Allow different window assigners / time windows in WindowGraphAggregation #25

drfloob · 2016-09-28T03:22:20Z

Fixes #2 (mostly). I did not try tuple-based windowing, I don't think flink itself can do it very efficiently. Tumbling and Sliding windows both work well.

logic extracted directly from toString, as it's generally useful (I needed it).
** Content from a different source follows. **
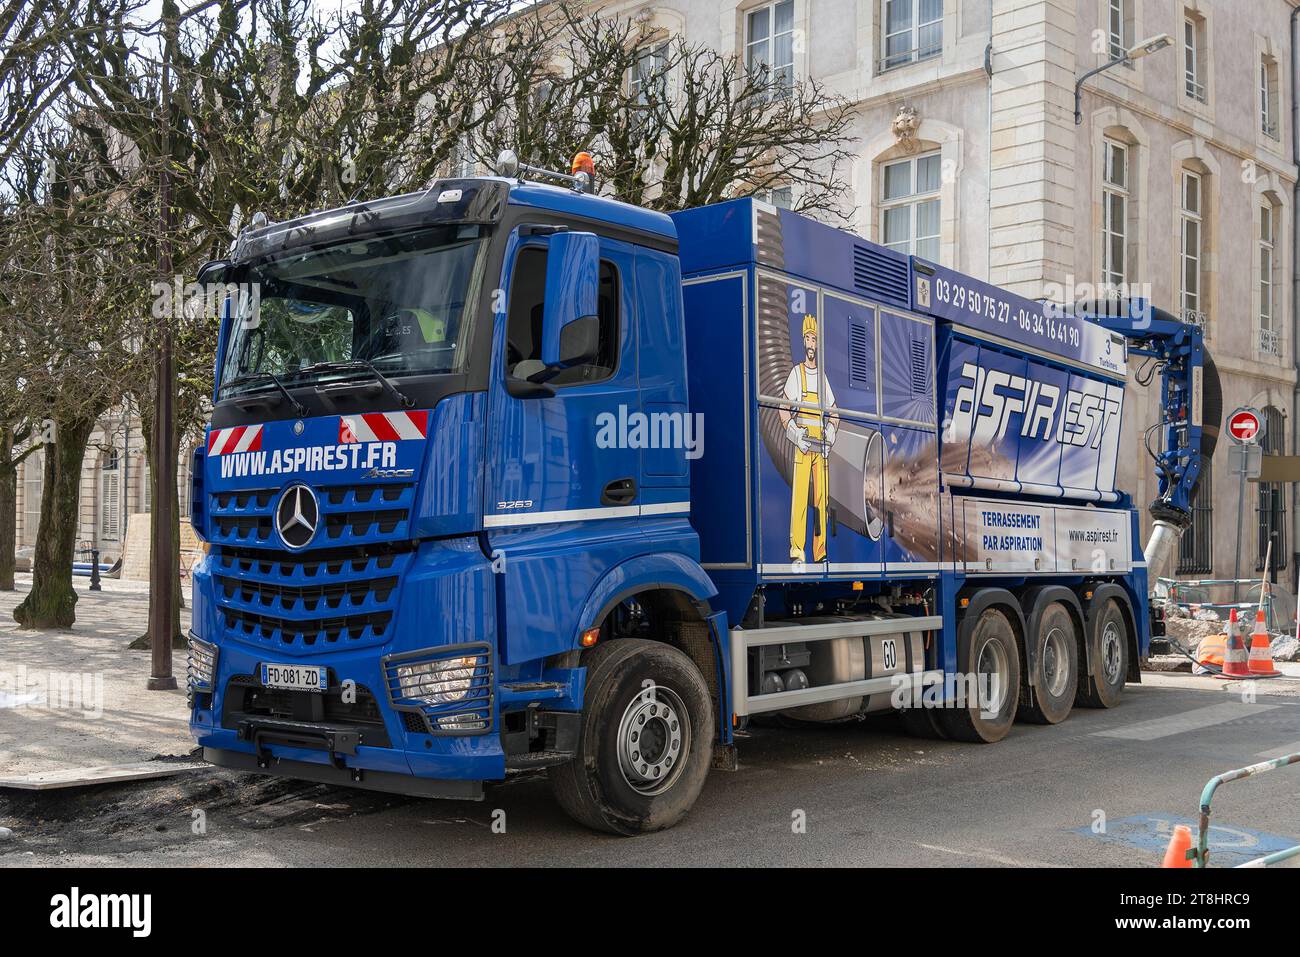 Nancy, France - camion excavateur d'aspiration bleu Mercedes-Benz Arocs 3263 sur un chantier dans une rue. Banque D'Images

…tion Unit test added for Connected Components over a Sliding Window. All other tests still pass, these changes are backwards compatible. fixes vasia#2

vasia · 2016-09-29T20:20:07Z

Hi @drfloob,
thank you for the PR. I don't quite understand what is the intention here. Issue #2 refers to supporting the streaming sliding window model or tumbling window model, i.e. apply computations on a stream of graph snapshots as these are created by a sliding or tumbling window.
Regarding the window graph aggregation, this is intentionally implemented using a tumbling window internally, as this makes partial state merging more efficient. I don't see why someone would do single-pass connected components with a sliding window to merge state. Was there something else you had in mind that I'm missing here?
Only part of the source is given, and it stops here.